Take the lines from the one with "Italian Burgundy Vicario" to the end of the listing, both ends included, and quote them exactly, leaving pictures out.

Information supplied:

>>>>>

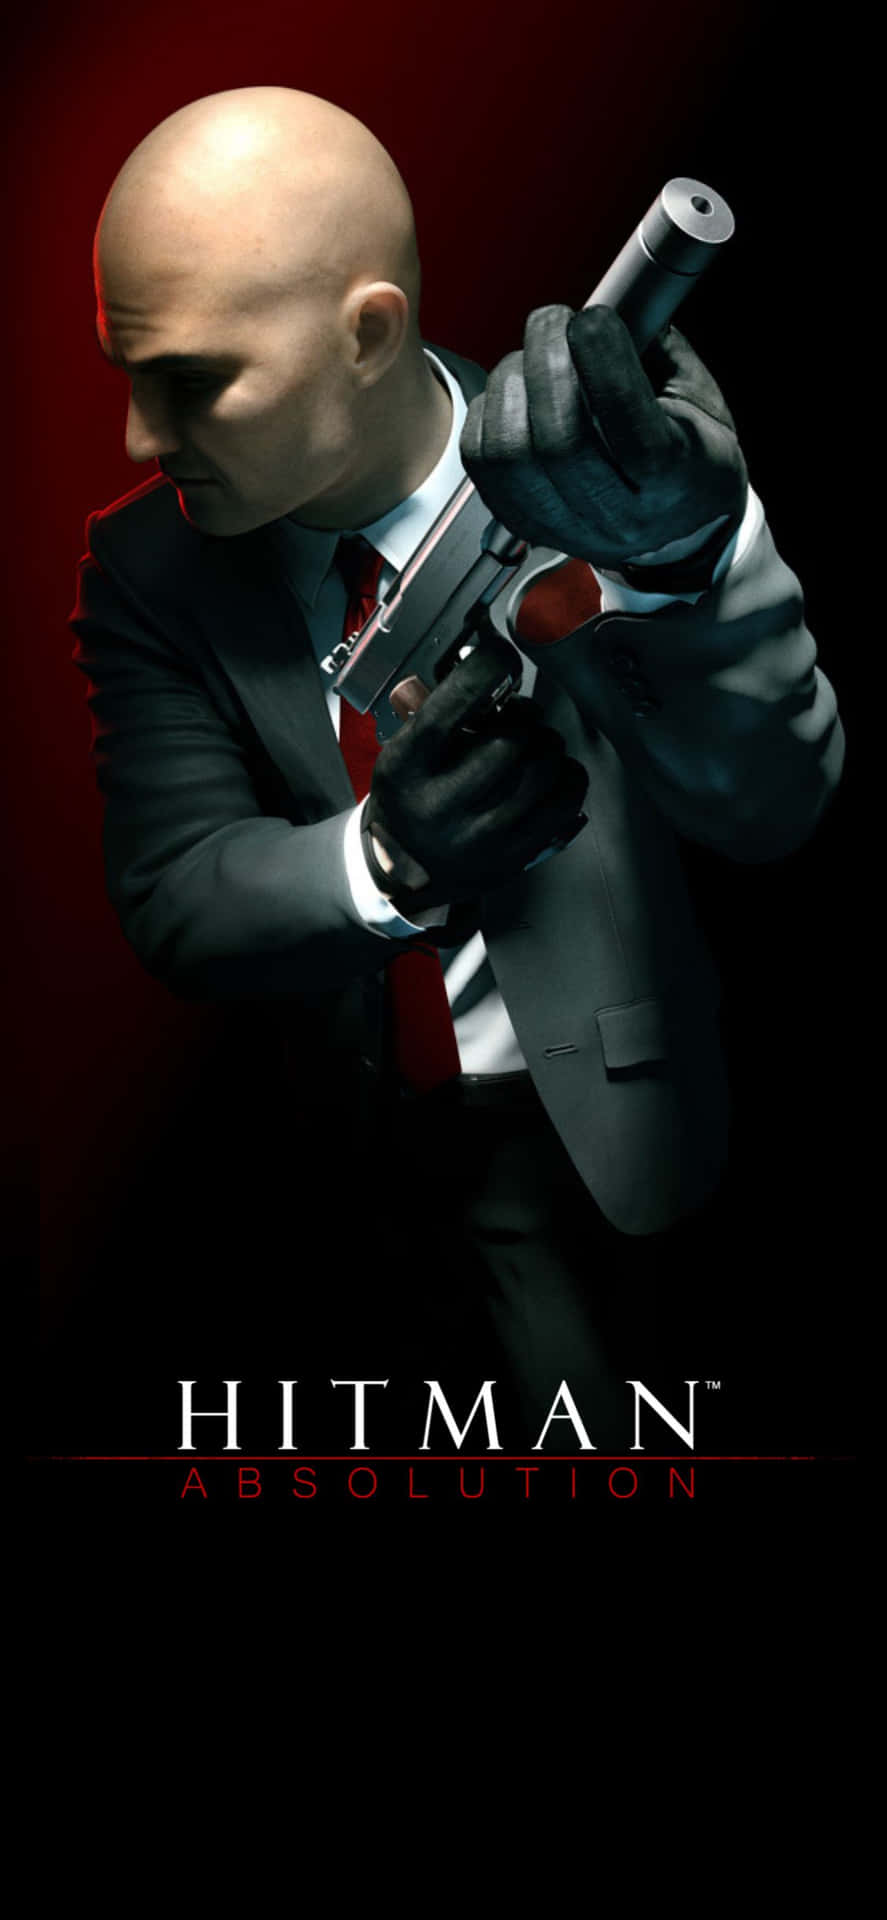 Play Hitman Absolution with The iPhone X
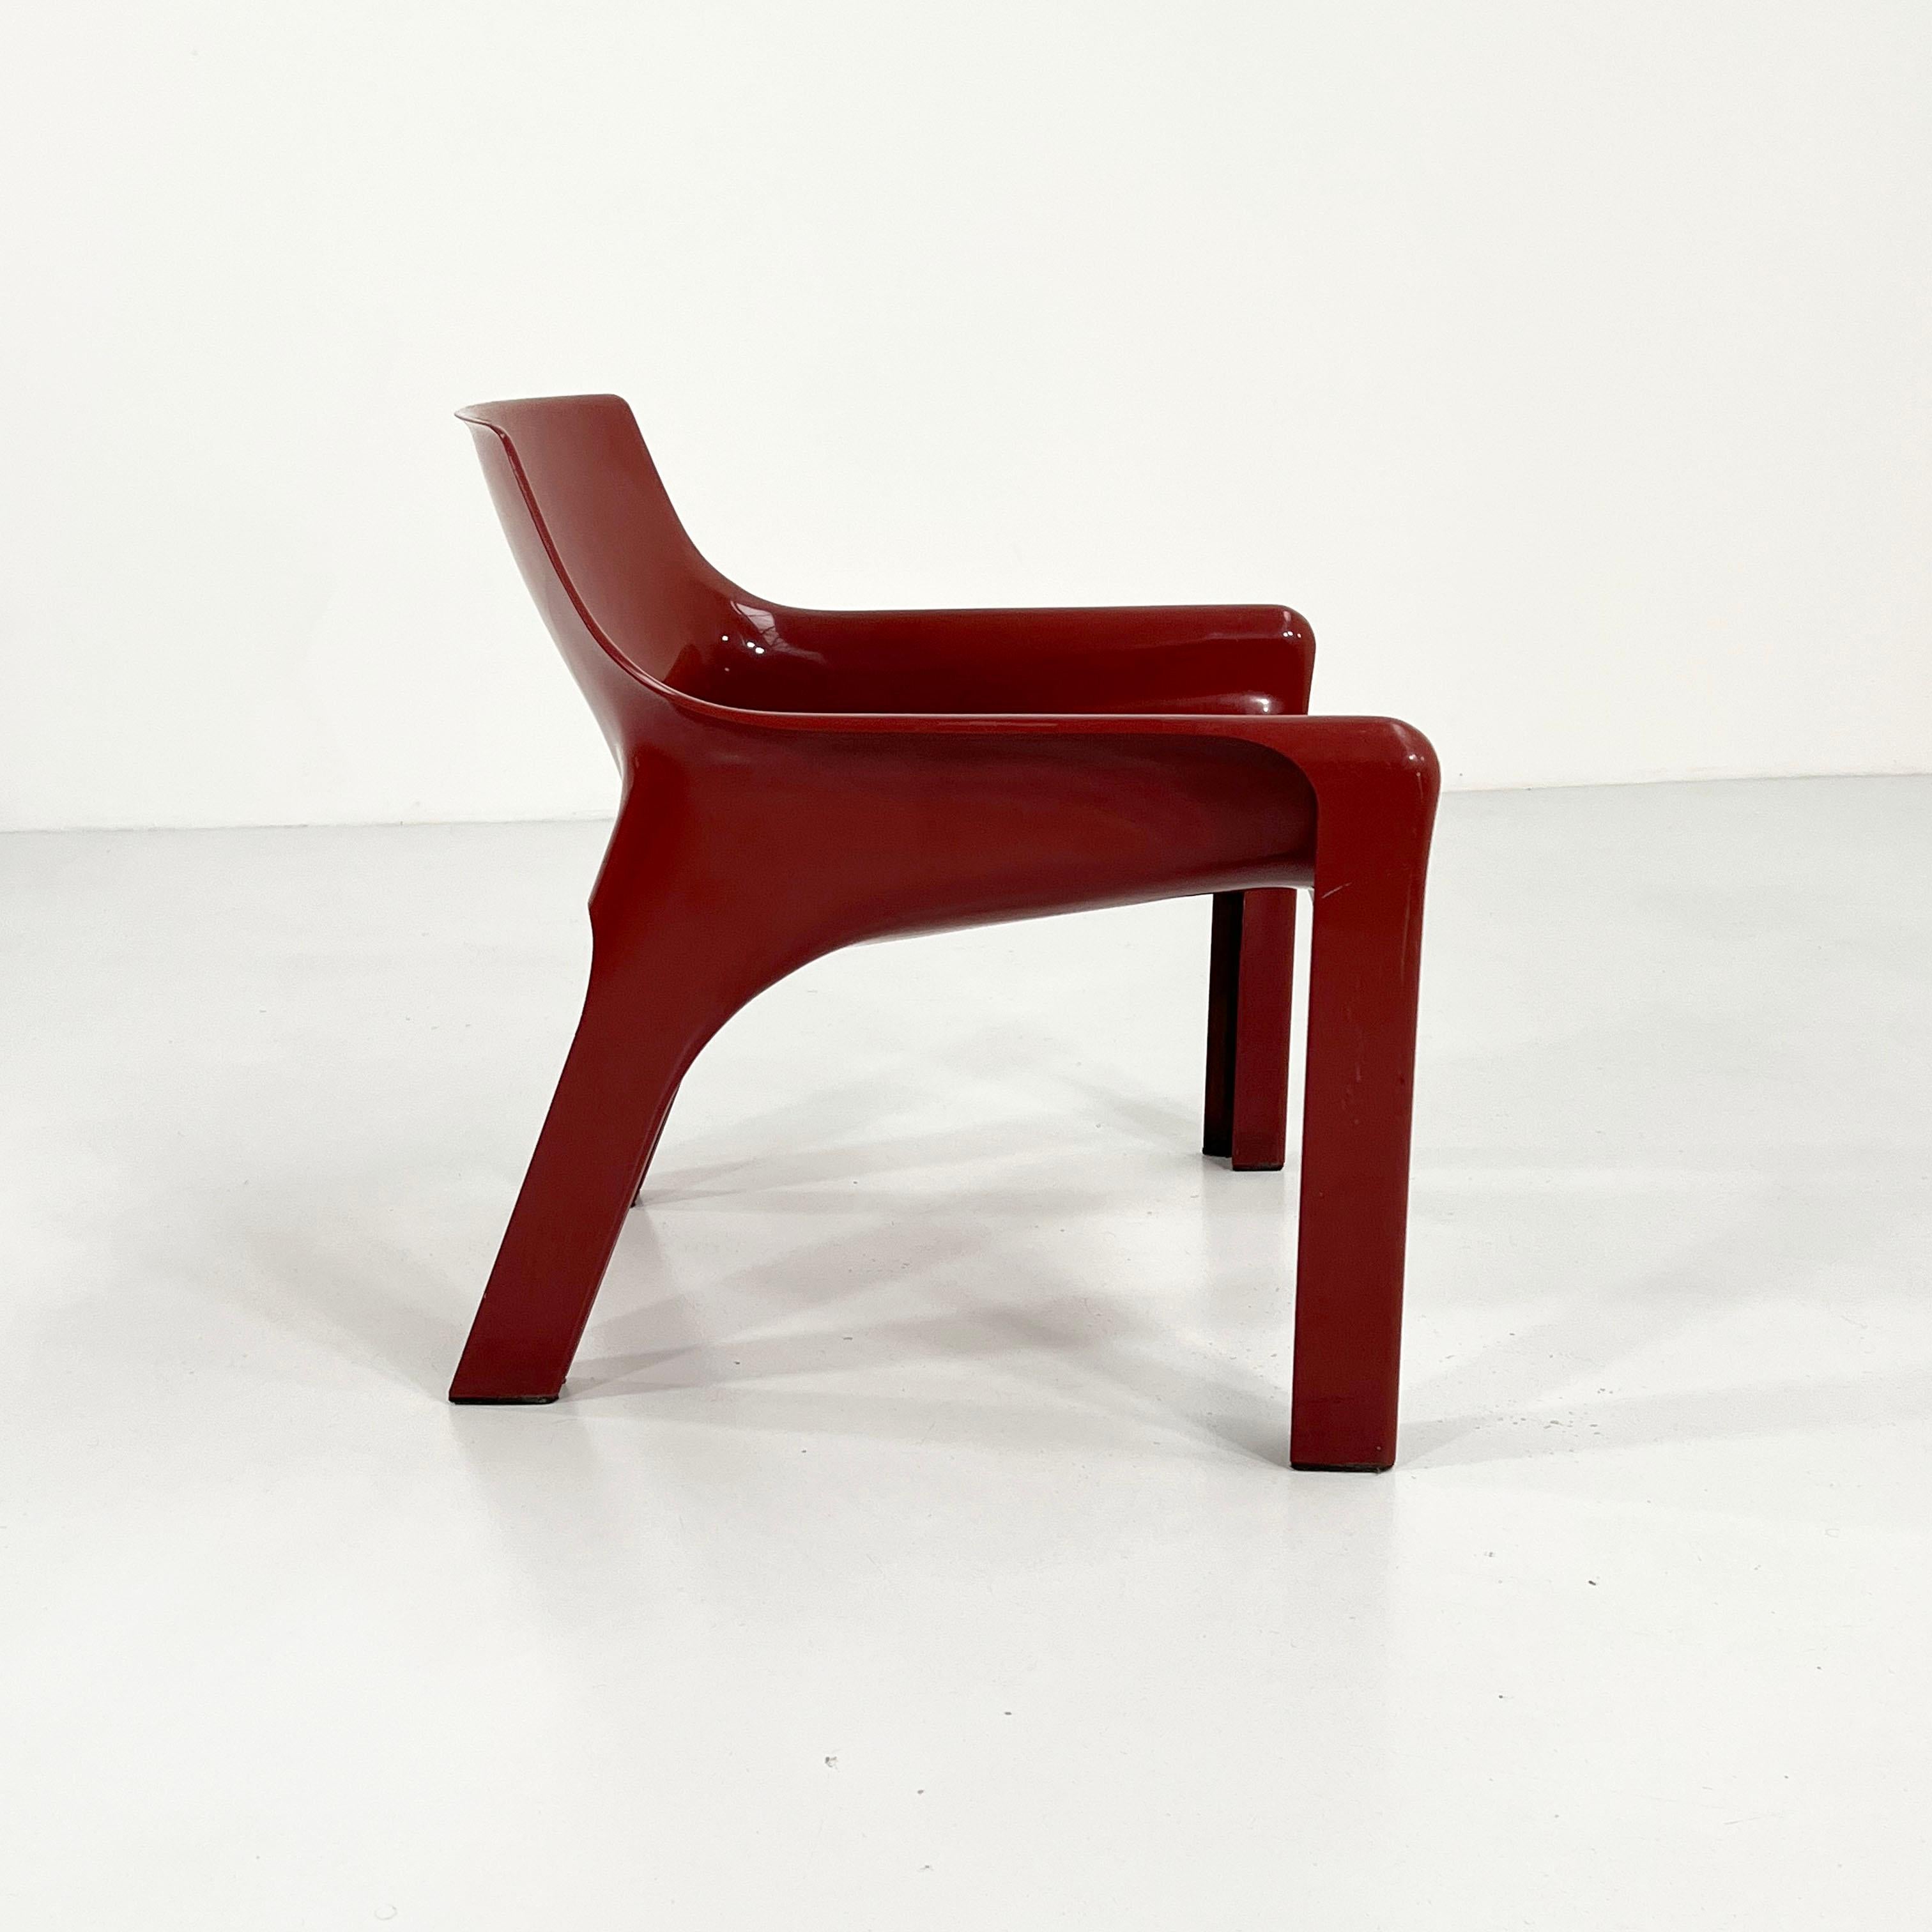 Italian Burgundy Vicario Lounge Chair by Vico Magistretti for Artemide, 1970s
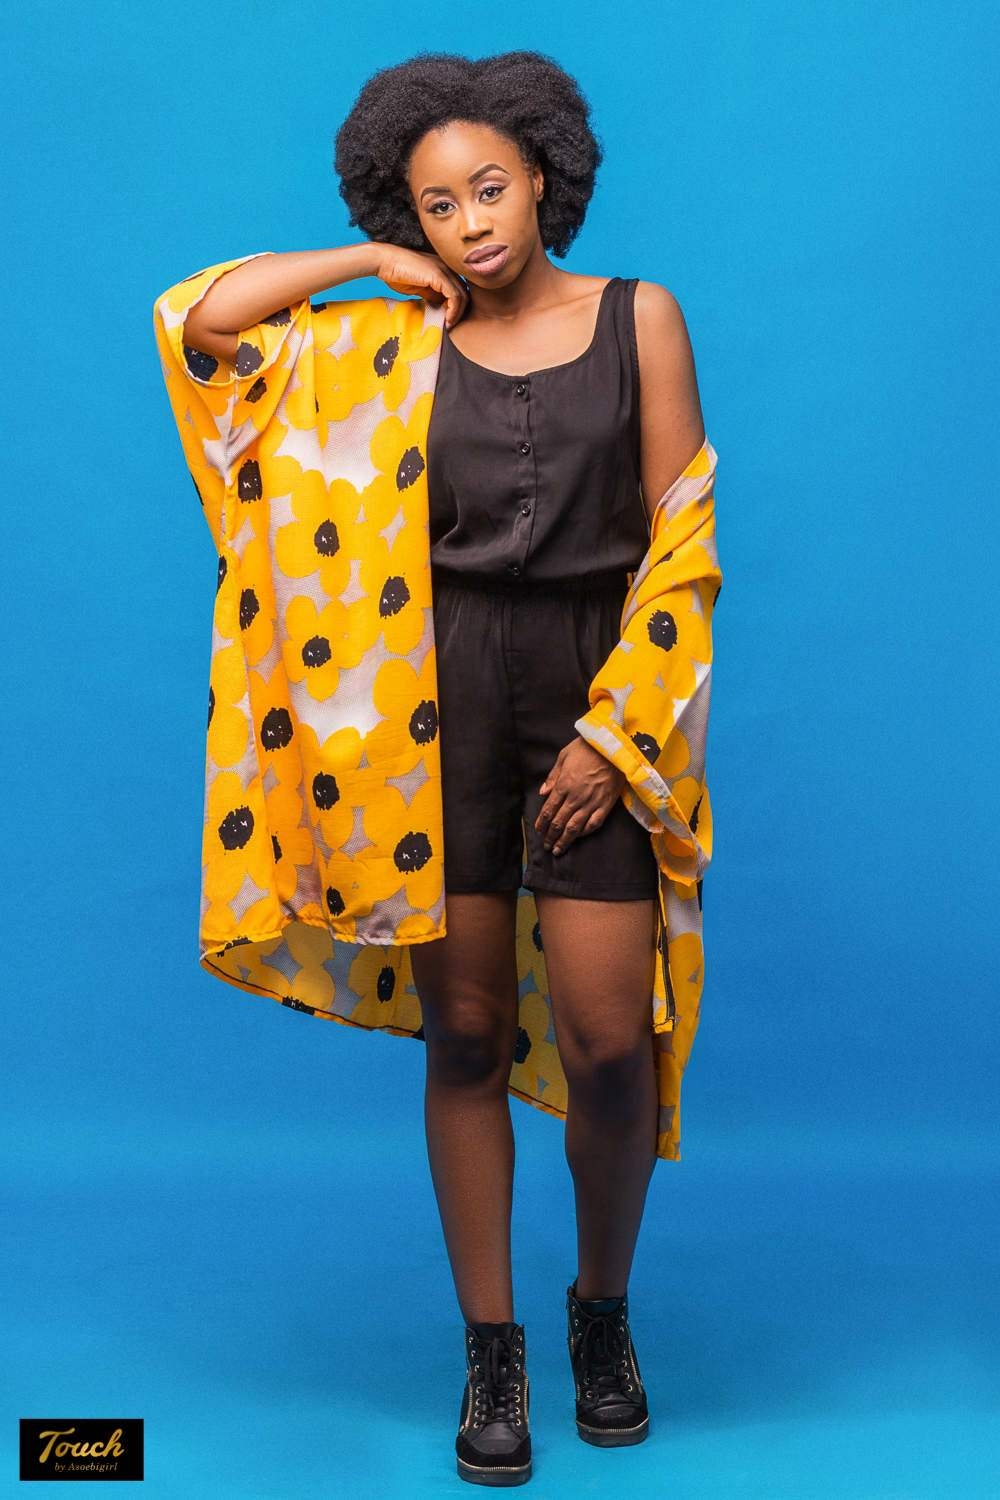 Touch By Asoebigirl Releases New Lookbook Featuring Arese Emokpae Titled “The Touch Woman”
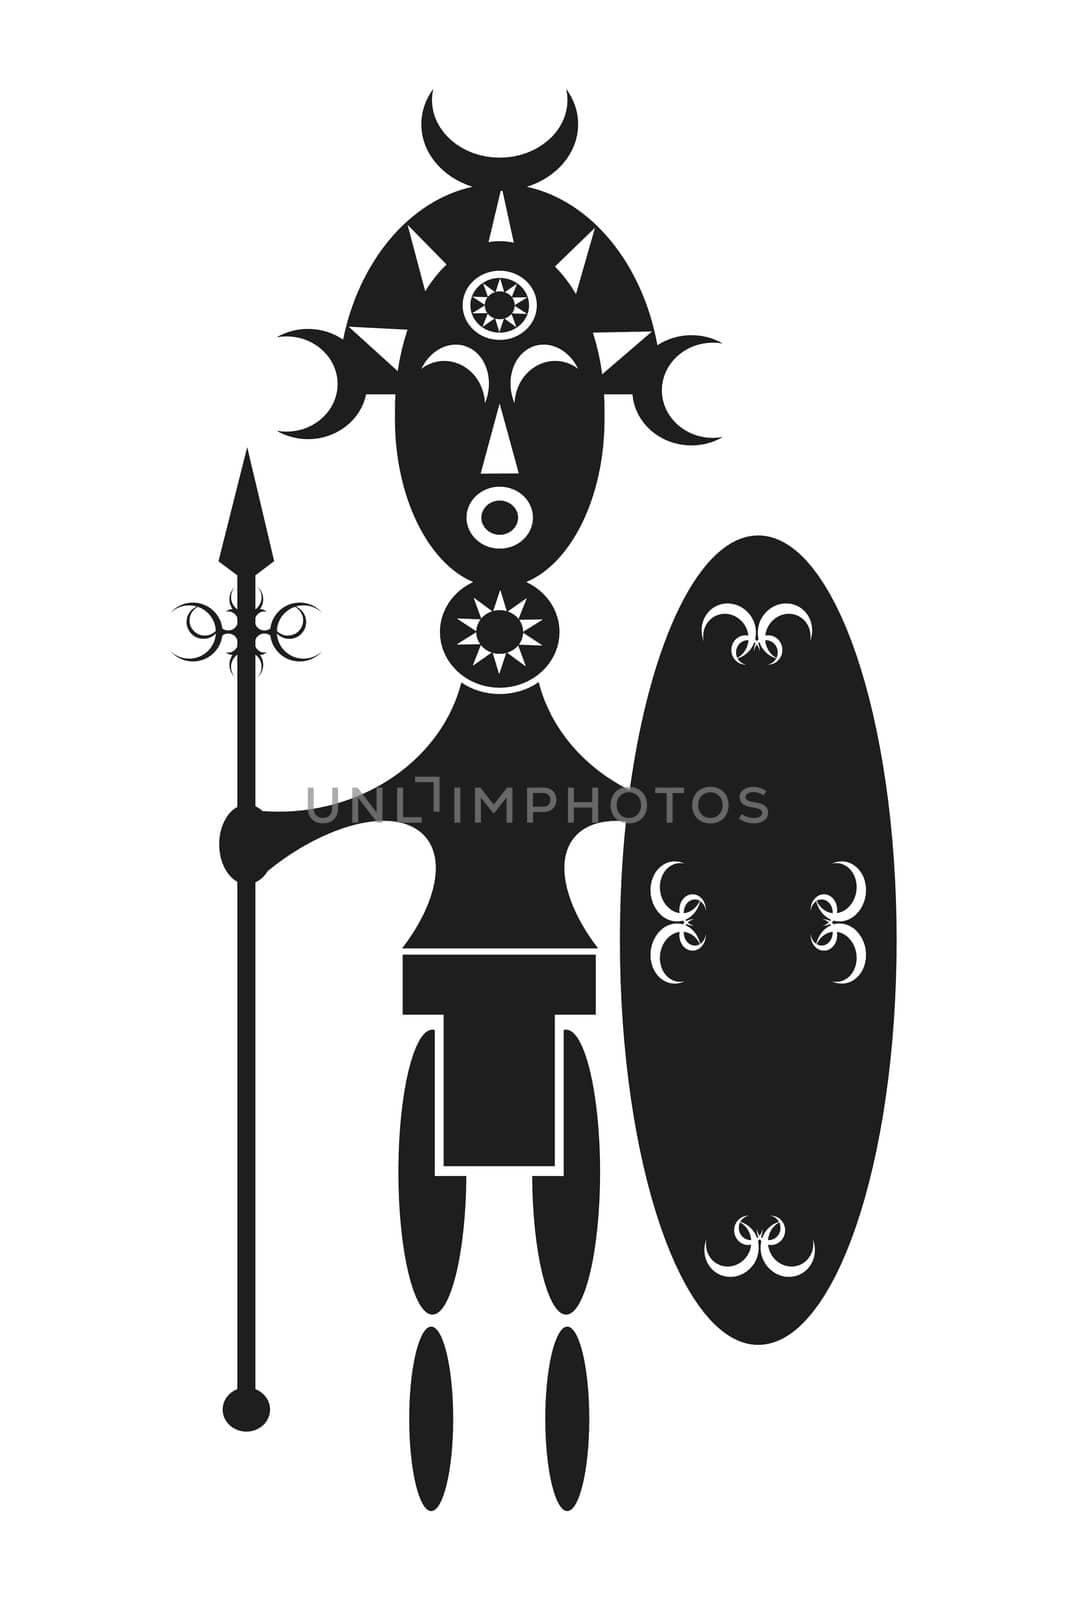 stylised design of an African warrior with shield and spear

<<<<<

Exercise solution:
 Italian Burgundy Vicario Lounge Chair by Vico Magistretti for Artemide, 1970s
 Touch By Asoebigirl Releases New Lookbook Featuring Arese Emokpae Titled “The Touch Woman”
 stylised design of an African warrior with shield and spear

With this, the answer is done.